商仲辛面容威严,闻言斜睨了她一眼,不咸不淡地反问:“谁是你爹?”
颜念微快速回答:“你,你是我爹。”
“原来你还记得我是你爹啊!回来了这么久,也没见你来给你爹问个安什么的,你要是不叫这声爹,我还以为打哪儿来的臭丫头呢!”
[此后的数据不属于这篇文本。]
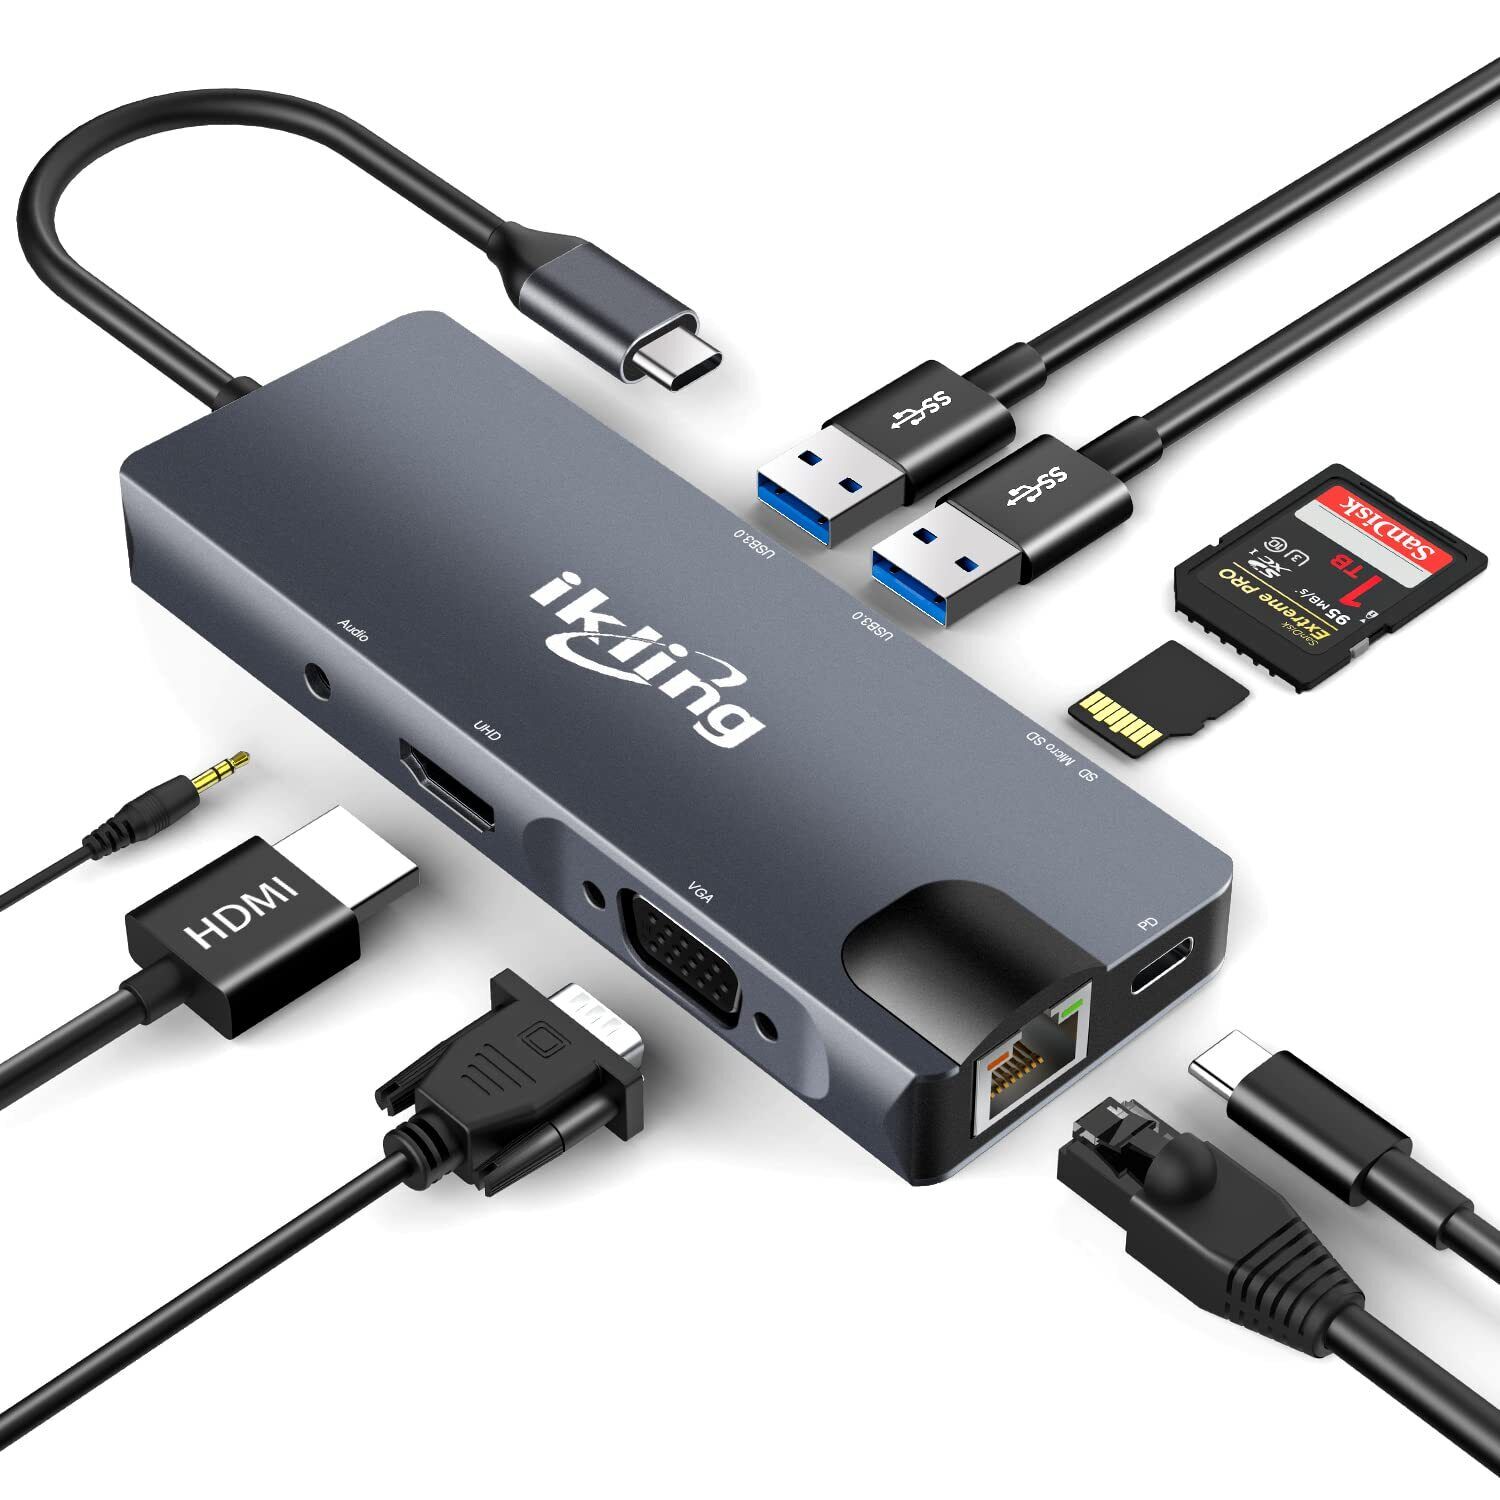 ikling USB C Hub, 9-in-1 USB C Adapter with 4K USB C to HDMI, VGA, Gigabit Et...

颜念微心虚地摸了摸鼻子,讪讪道:“这不是来了嘛,我还给您老带了些沧澜关的羊肉干呢!”
商仲辛瞥了她空空的两手一眼,问:“在哪儿?”
“在……”能在哪儿啊,她压根没带。
颜念微咬了咬唇,转了个身看向盯着她睁眼说瞎话的许不倦身上,一个劲儿地使眼色问:“羊肉干呢?你刚不是还提着吗?”
许不倦低头,瞅了眼比她还空的两手,干巴巴的扯了扯嘴角,疼得嘶了一声,然后侧目看向了商府管家。
一旁笑眯着眼看热闹的管家一愣,也下意识低头看了看自己的双手,什么都没有。
呼,好险。
差点就以为羊肉干在他手里呢!
管家继续眯笑着眼,知道自家大人是逗孩子玩的,哪能真要什么羊肉干,赶忙帮着打圆场道:“听闻小姐的嫂嫂开了家食楼,那羊肉干许是落在楼里了,老奴这就命人去取来。”
语罢,他转身出了厅堂,低声吩咐个家丁去天下客买份羊膳汤来。
颜念微见福伯给自己解了围,赶紧将话题又扯回鹰身上:“辛爹,您看那鹰……”
她话还没说完,商仲辛突然抬手打住,问道:“把你刚刚问的那话,什么闲着那句,重新再说一遍。”
颜念微不明所以,但还是照做地重新问道:“辛爹,你那鹰闲着没,要是闲着,借我用两天。”
商仲辛等的就是这句,想都没想便拒绝道:“不闲!”
说完,他悠闲地呷了口茶。
转而又道:“但借嘛,也不是不可以。乖女啊,你也知道的,你辛爹虽然兼管着国库开支,但这兜里啊,向来两袖清风,而且你要借的鹰,那可不是普通的鹰,那是你辛爹一把屎一把尿喂大的你鹰哥,你借它,咱们是不是得亲父女明算账啊?”
屁的亲父女明算账,许是听到过太多回了,一听到这话,颜念微面容都扭曲了。
她就知道会这样。
这贼老头又盯上她辛苦攒的小金库了。
都怪许不倦这个没用的家伙,要不是他突然跑来暴露了她,她早就摸到后院偷鹰去了。
想到此,颜念微咬紧了牙问:“我借三天,多少银子?”
一听这话,商仲辛脸上威严瞬间敛去,整个人都变得和蔼可亲了。
他笑呵呵道:“啊哟一家人,提银子多见外啊,你可是我的宝贝大闺女,我哪能真讹……敲你竹杠,你放心,爹就意思意思收点。”
说完,别在腰间的金算盘已经摸出来了。
没忍住,颜念微嘴角使劲抽搐了两下。
他要不要找块镜子,照照自己此刻的市侩模样,扒拉算盘珠子的手指头,快得都只能看到个残影了,还让人家放心。
最不放心的就是他了。
随着商仲辛每扒一个数,颜念微的表情便狰狞一分。